Ohne konkrete Lösungen und Produkte geht es aber dann doch nicht. Gemeinsam mit mehr als 25 Geschäftspartnern soll der Kundschaft gezeigt werden, was der Hightech-Gigant konkret zu bieten hat. Im Mittelpunkt stehen dabei das Hypethema Cloud Computing, sowie Lösungen aus den Bereichen Sicherheit, Business Intelligence, Mobilität, Energie oder Gesundheitswesen. Und natürlich wird es um "Watson" gehen, IBMs neuen Supercomputer, der natürliche Sprache versteht und in der US-Quizshow Jeopardy gerade zwei Champions besiegt hat. Geschicktes Timing für einen technologischen Coup, der zeigen soll, dass IBM auch im hohen Alter noch rüstig ist.

Die IBM-Geschichte

Timing und strategisches Vorgehen gehörten schon immer zum Erfolgsrezept des Computergiganten. Das Unternehmen ging 1924 aus der oben erwähnten "Computing Tabulating Recording Company" hervor, eine Firma, die die vom deutschen Ingenieur Herman Hollerith erfundenen Lochkartenmaschinen produzierte. Deren Präsident Thomas J. Watson sen., war denn auch der erste Chef von IBM.

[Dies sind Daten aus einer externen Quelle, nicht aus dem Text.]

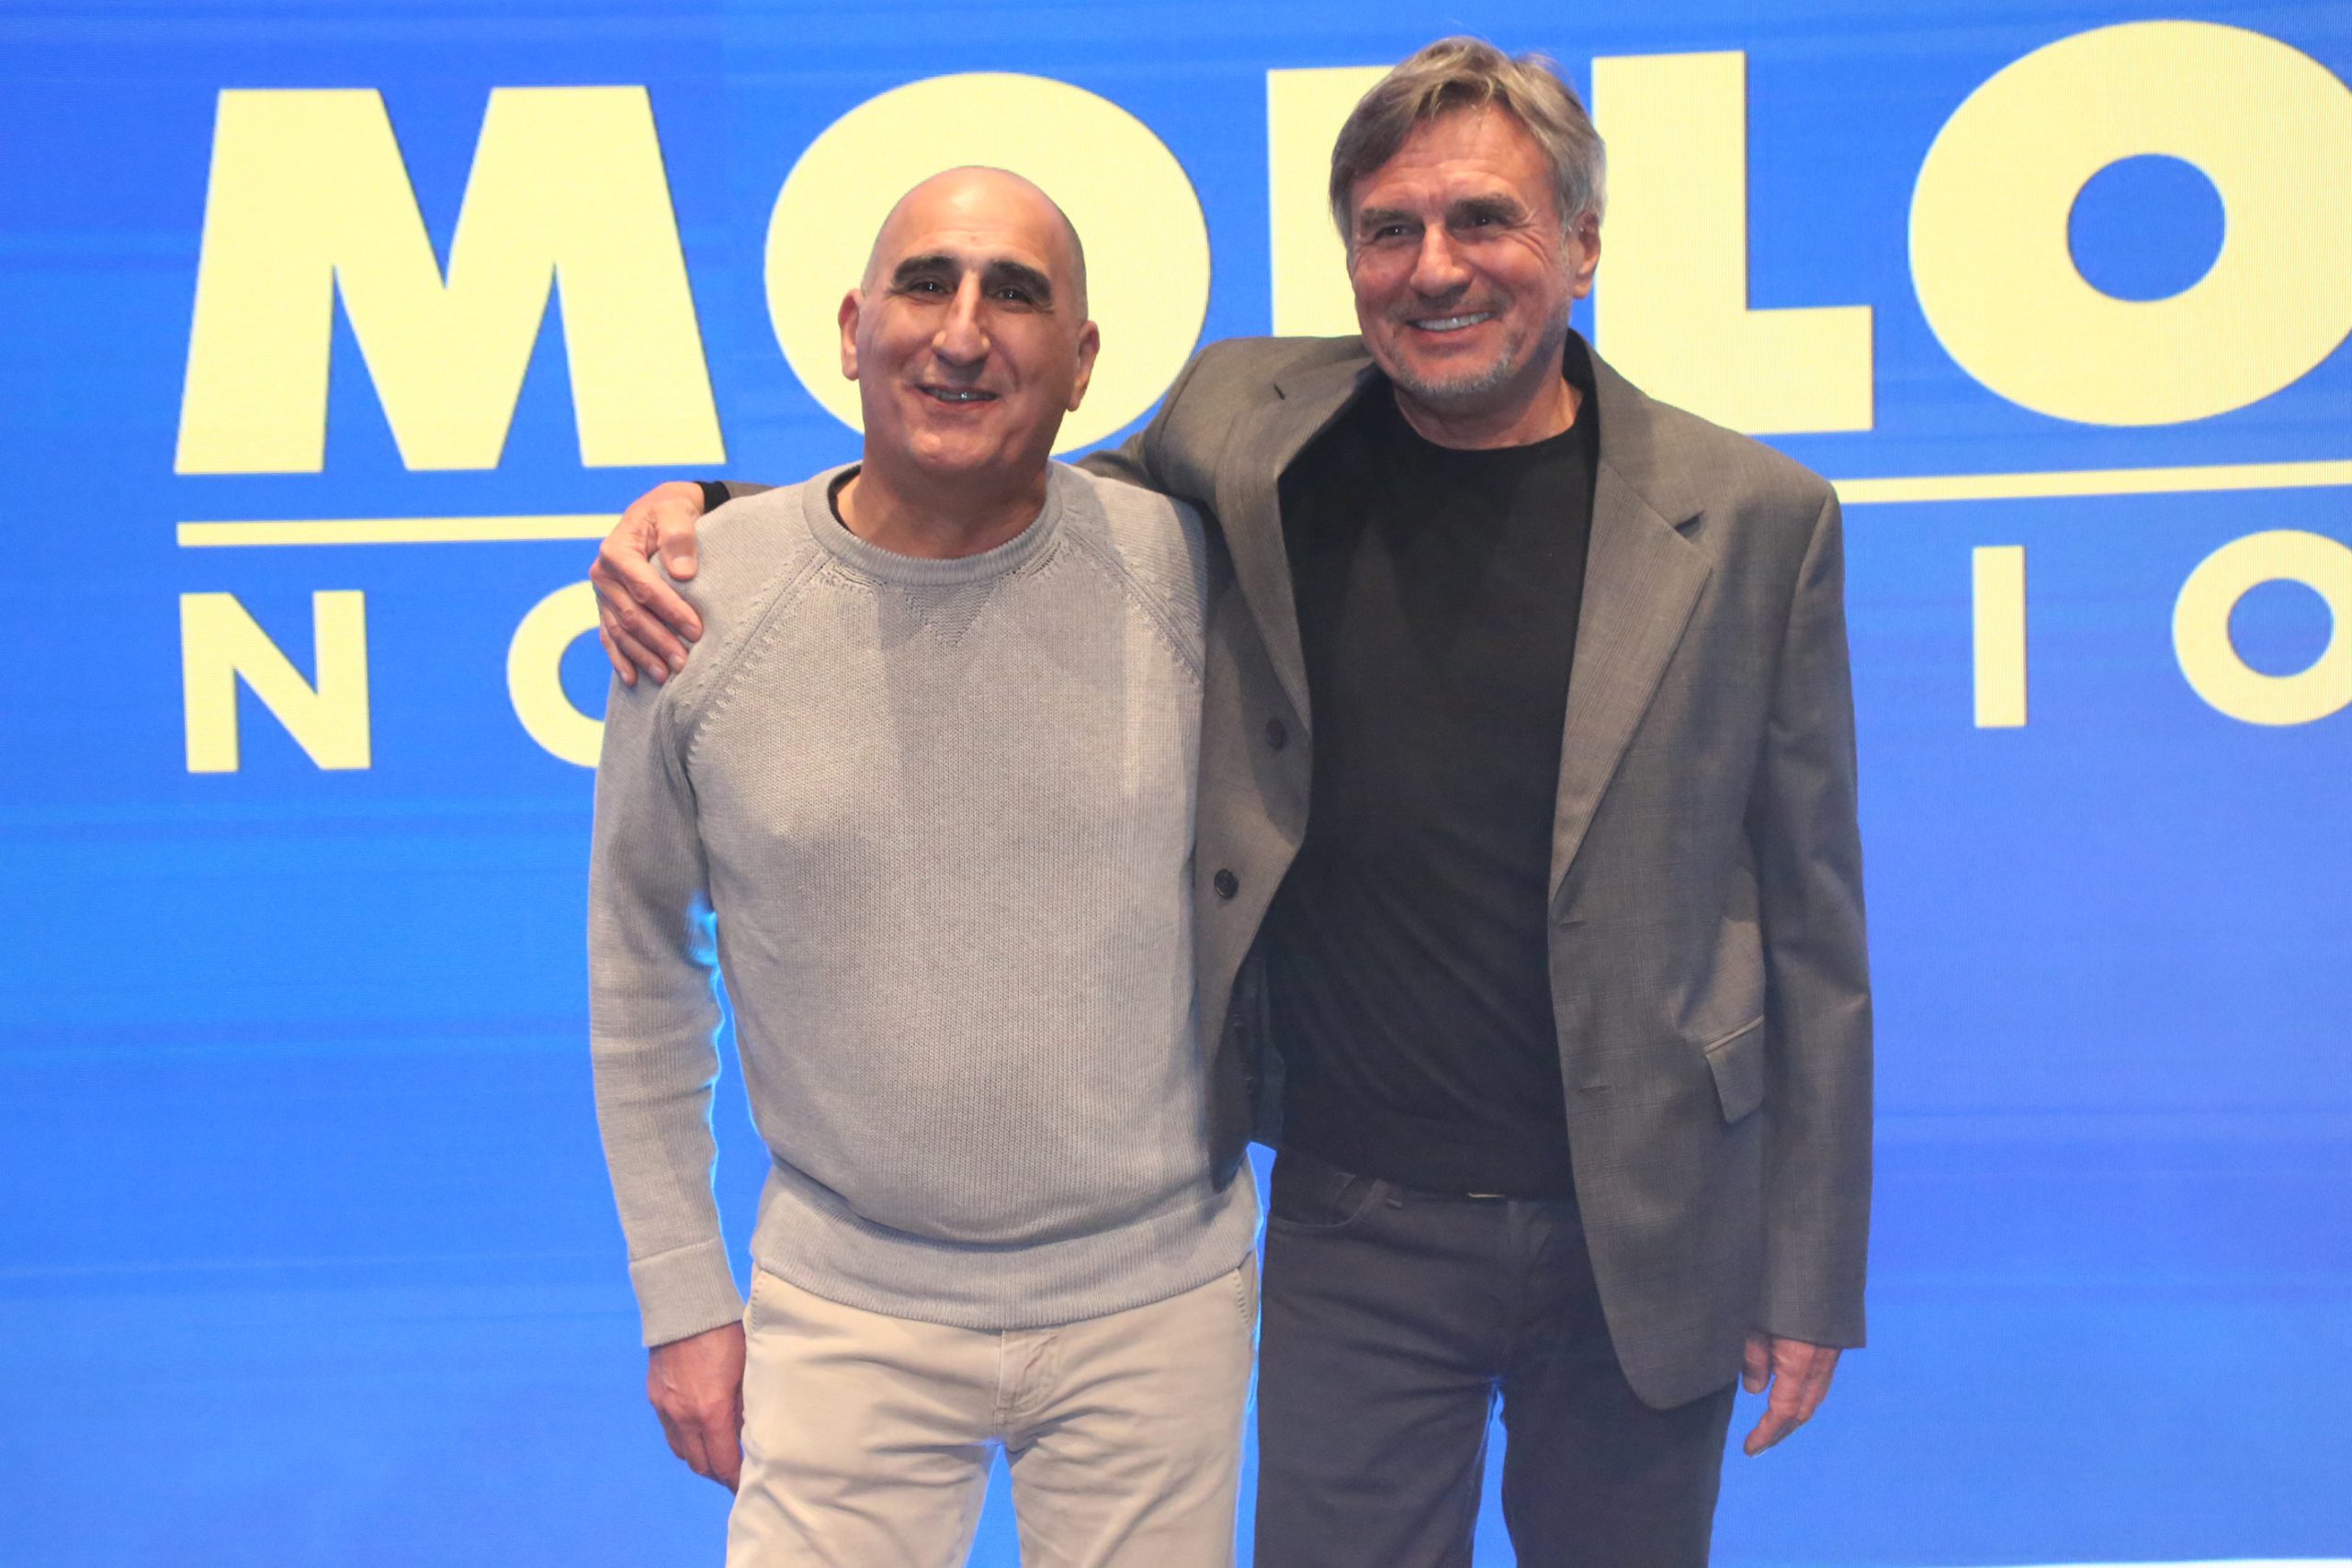 Mollo Noleggio è l'azienda di Mauro e Roberto Mollo

Schon 1925 hatte IBM erste Niederlassungen in Frankfurt/Main und Hamburg. IBM-Chef Watson verkörperte die Geschäftsprinzipien, die IBM über viele Jahrzehnte hinweg erfolgreich machten. Er hatte sein Handwerk als Verkäufer von Ladenkassen bei NCR gelernt. NCR verstand es geschickt, Konkurrenten mit Tricks auszuschalten und den Markt zu monopolisieren, wie das Nachrichtenmagazin "Der Spiegel" 1986 in einer IBM gewidmeten Titelstory schrieb. Demnach machte NCRs Top-Verkäufer Watson aber schon bald Bekanntschaft mit der amerikanischen Anti-Trust-Behörde, die den NCR-Chef Patterson und Watson wegen wettbewerbswidriger Geschäftspraktiken anklagte, worauf Watson zu einem Jahr Gefängnis verurteilt wurde.